> Task to carry out:
All lines holding the string "http" should be copied from the data below.

> Data:
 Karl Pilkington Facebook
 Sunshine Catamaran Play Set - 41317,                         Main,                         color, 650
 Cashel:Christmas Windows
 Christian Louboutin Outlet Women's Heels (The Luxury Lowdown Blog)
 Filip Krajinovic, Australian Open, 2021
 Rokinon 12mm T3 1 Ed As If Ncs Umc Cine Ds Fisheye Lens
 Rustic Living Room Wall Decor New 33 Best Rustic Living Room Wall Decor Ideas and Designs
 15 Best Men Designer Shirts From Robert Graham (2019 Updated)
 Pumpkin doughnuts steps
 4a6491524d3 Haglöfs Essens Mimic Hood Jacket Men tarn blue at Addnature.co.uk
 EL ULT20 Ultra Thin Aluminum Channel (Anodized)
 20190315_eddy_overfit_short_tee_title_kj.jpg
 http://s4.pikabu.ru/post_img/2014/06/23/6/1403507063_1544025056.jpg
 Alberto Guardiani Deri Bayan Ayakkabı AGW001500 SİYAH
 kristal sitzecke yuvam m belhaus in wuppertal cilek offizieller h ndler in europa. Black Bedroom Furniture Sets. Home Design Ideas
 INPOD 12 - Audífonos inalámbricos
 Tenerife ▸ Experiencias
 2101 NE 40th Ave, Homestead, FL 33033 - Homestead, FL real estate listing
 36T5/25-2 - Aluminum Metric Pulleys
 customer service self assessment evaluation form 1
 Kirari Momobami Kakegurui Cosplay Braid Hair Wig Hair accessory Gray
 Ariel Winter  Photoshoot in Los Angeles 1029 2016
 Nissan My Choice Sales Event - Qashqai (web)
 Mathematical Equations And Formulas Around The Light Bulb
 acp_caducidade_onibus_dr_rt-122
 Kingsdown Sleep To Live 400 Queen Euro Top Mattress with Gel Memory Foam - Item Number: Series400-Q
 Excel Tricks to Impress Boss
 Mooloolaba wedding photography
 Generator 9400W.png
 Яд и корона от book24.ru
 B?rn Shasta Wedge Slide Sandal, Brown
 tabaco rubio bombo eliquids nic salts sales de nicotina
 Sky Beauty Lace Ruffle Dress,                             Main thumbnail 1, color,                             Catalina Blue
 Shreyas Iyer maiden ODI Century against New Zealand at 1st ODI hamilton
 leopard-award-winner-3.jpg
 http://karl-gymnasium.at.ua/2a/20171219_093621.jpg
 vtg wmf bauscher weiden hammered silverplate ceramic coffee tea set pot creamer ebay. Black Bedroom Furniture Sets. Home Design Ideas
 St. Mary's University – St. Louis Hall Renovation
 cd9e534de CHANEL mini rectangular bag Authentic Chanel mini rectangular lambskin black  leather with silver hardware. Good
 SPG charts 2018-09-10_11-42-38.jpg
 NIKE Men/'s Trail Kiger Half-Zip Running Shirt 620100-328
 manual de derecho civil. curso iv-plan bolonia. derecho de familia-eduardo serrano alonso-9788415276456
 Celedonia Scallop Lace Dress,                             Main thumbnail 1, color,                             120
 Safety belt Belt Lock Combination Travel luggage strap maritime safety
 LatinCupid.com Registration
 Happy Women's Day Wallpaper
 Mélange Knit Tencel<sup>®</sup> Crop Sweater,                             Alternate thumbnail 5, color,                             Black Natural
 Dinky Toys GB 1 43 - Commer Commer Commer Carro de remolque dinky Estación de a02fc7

> Task output:
 http://s4.pikabu.ru/post_img/2014/06/23/6/1403507063_1544025056.jpg
 http://karl-gymnasium.at.ua/2a/20171219_093621.jpg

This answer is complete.